Началась перестрелка с теми, на горе, вершина которой постепенно заволакивалась дымом. Но дым был редкий, и обстрел оттуда велся с перерывами — должно быть, у невидимого противника было не более трех ружей. Гвардейцы, отстреливаясь, продвигались к горе, прятались за деревья, ложились на землю. Сверху на них сыпались камни, сбитые ветки деревьев, комья земли. Один из солдат попытался взобраться по склону, но тут же скатился обратно — пуля прострелила ему плечо.
Противник занимал лучшую позицию; храбрые гвардейцы, которые никогда не бегут, теперь готовы были отступить — они остановились, не решаясь двинуться с места. Этот бой с невидимками пугал их. Перед ними был только дым да скалы — никого не видно, не слышно, как будто они сражаются с горой.
— Эй, Каролино!

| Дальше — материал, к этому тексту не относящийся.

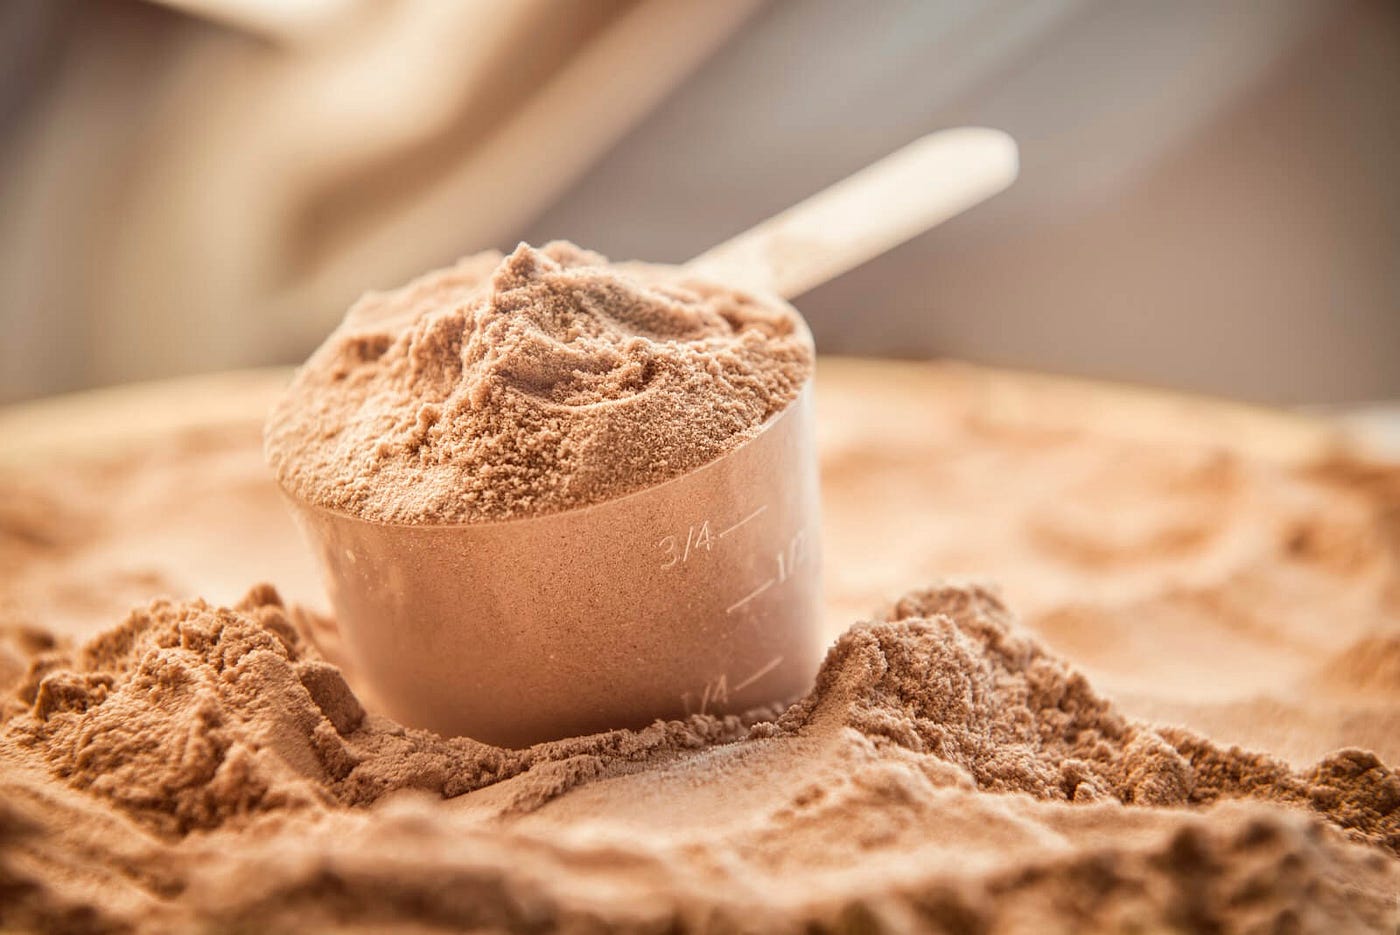 Weighing in: Whey Protein. Riding along the new wave of health

Ты же у нас лучший стрелок, дьявол! — крикнул капрал.
В это мгновение на выступе скалы появился человек, размахивавший ружьем.
— Пли! — скомандовал капрал и грязно выругался.
Трое солдат выстрелили, однако человек все стоял и что-то выкрикивал, а что — понять было невозможно.
Каролино замер; освещенная солнцем фигура человека показалась ему знакомой. Но капрал погрозил кинжалом, и Каролино прицелился. Прогремел выстрел. Человек на скале покачнулся и упал, скрывшись из виду. Сверху донёсся вопль, от которого Каролино помертвел.
Кустарник заколыхался; казалось, те, кто в нем прятался, начали разбегаться. Солдаты устремились вперед, уже не встречая сопротивления. Еще один человек появился на скале, он потрясал копьем. Солдаты выстрелили, человек медленно согнулся, цепляясь за ветки, снова грянул выстрел, и он упал ничком на скалу.
Теперь гвардейцы быстро поднимались по склону с ружьями наперевес, готовясь вступить в штыковой бой. Один Каролино еле брел, лицо его было мрачно, глаза безумно блуждали; он все не мог забыть вопля, с которым упал человек, сбитый его пулей. Первый солдат, взобравшийся на вершину, увидел распростертого на камнях умирающего старика. Солдат ткнул в него штыком, но старик и не шевельнулся: он, не отрываясь, смотрел на Каролино, в глазах его застыла смертельная мука. Потом он медленно приподнял костлявую руку и указал куда-то на скалы. Солдаты обернулись и увидели, что Каролино стоит бледный как смерть, челюсть отвисла, в глазах безумие. Каролино — а это был не кто иной, как Тано, сын кабесанга Талеса, недавно возвратившийся с Каролинских островов, — узнал в умирающем своего деда, Танданга Село. Говорить старик уже не мог, но в его гаснущем взоре внук прочел страшную повесть страданий. Рука деда указывала ему на что-то за скалами…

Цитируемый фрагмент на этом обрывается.